Под неустанным руководством Ридвана я тоже начал «качаться». Купил себе эспандер и прыгалку. Руки от эспандера, конечно, крепли, но слушать при этом лекции и запоминать объяснения преподавателей стало почему-то гораздо труднее… После занятий шли мы с Ридваном в его «общагу», и он начинал гонять меня. Приседания, стойки на руках, подтягивания на турнике, встроенном в проем двери, отжимания с пола… Ридвану ничего не стоило отжаться несколько десятков раз подряд. Нередко с дополнительной нагрузкой: кто-нибудь из соседей по комнате усаживался ему на спину. Теперь этой нагрузкой – в перерывах между собственными упражнениями – сделался я… Ридвановы соседи, глядя на нас, упражнялись в остроумии.
– Ты почему моё место занял? – горестно вопил очкарик Петя, парень довольно грузный. – Такое было удовольствие покататься на Ридванчике!
– Слишком ты увесистый, вот Ридван и ослаб… Другое дело – тощий Юабов! – хохотали остальные.
А уж когда я принимался делать отжимы, особенно поначалу, насмешкам не было конца.

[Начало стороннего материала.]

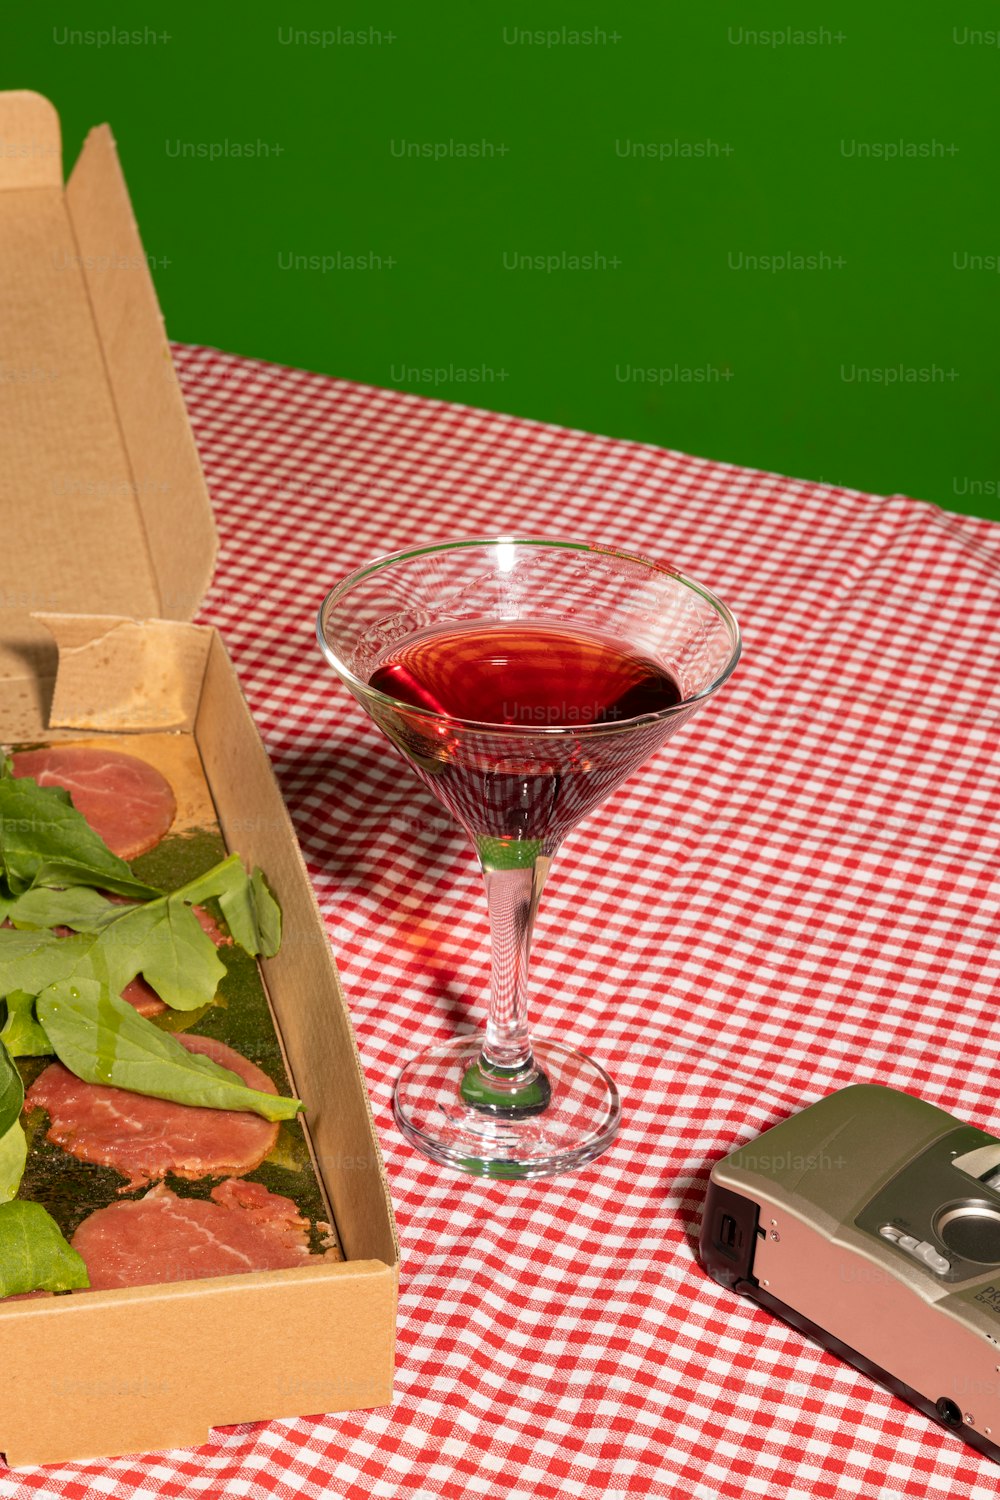 a box of pizza and a glass of wine on a table

Но мы с Ридваном стойко всё переносили, и тренировки продолжались. Уходил я, еле волоча ноги. А Ридван, похлопывая меня по плечу, неизменно говорил одно и то же: «Сегодня было лучше… Уже скоро». Это означало, что скоро он сможет привести меня в гимнастическую секцию, и я буду принят.
Но даже Ридван с его дружбой и упорством не смог преодолеть тех фатальных причин, по которым мне не суждено было стать спортсменом. Однажды – действительно довольно скоро после начала наших тренировок – он подошел ко мне очень расстроенный и сообщил:
– Набора больше не будет… Тренер сказал сегодня.
– Вот тебе и скоро! – пробормотал я. И мы, поглядев друг на друга, захохотали.
Поняв, что стать спортсменом мне опять не удалось, я прекратил мучительные тренировки и ограничился шахматами. Что ж, это тоже считается спортом. Вот даже и в «Хумсан» я попал…
* * *
Неплохо устроившись на тенистом уступчике горы, мы часа полтора дожидались возвращения Димки. Но вот раздался шум шагов, посыпались камушки. Мы встретили нашего альпиниста громкими «ура», как покорителя вершин, и градом шуток, полагая, что нападение – лучший способ обороны. Спускаться вниз было гораздо легче, потому что шли мы серпантином. Димка, конечно, поглядывал на нас с насмешливым сожалением – ну и чёрт с ним! Мы с Кимом были очень довольны, что прервали восхождение. Пусть он сам изнуряет себя спортивными подвигами, а мы вот сберегли силы для настоящего удовольствия: сегодня вторник, а по вторникам в лагере вечера танцев.
* * *
«Добро пожаловать в гостиницу «Калифорния»,
Вы найдете нас здесь в любое время года…»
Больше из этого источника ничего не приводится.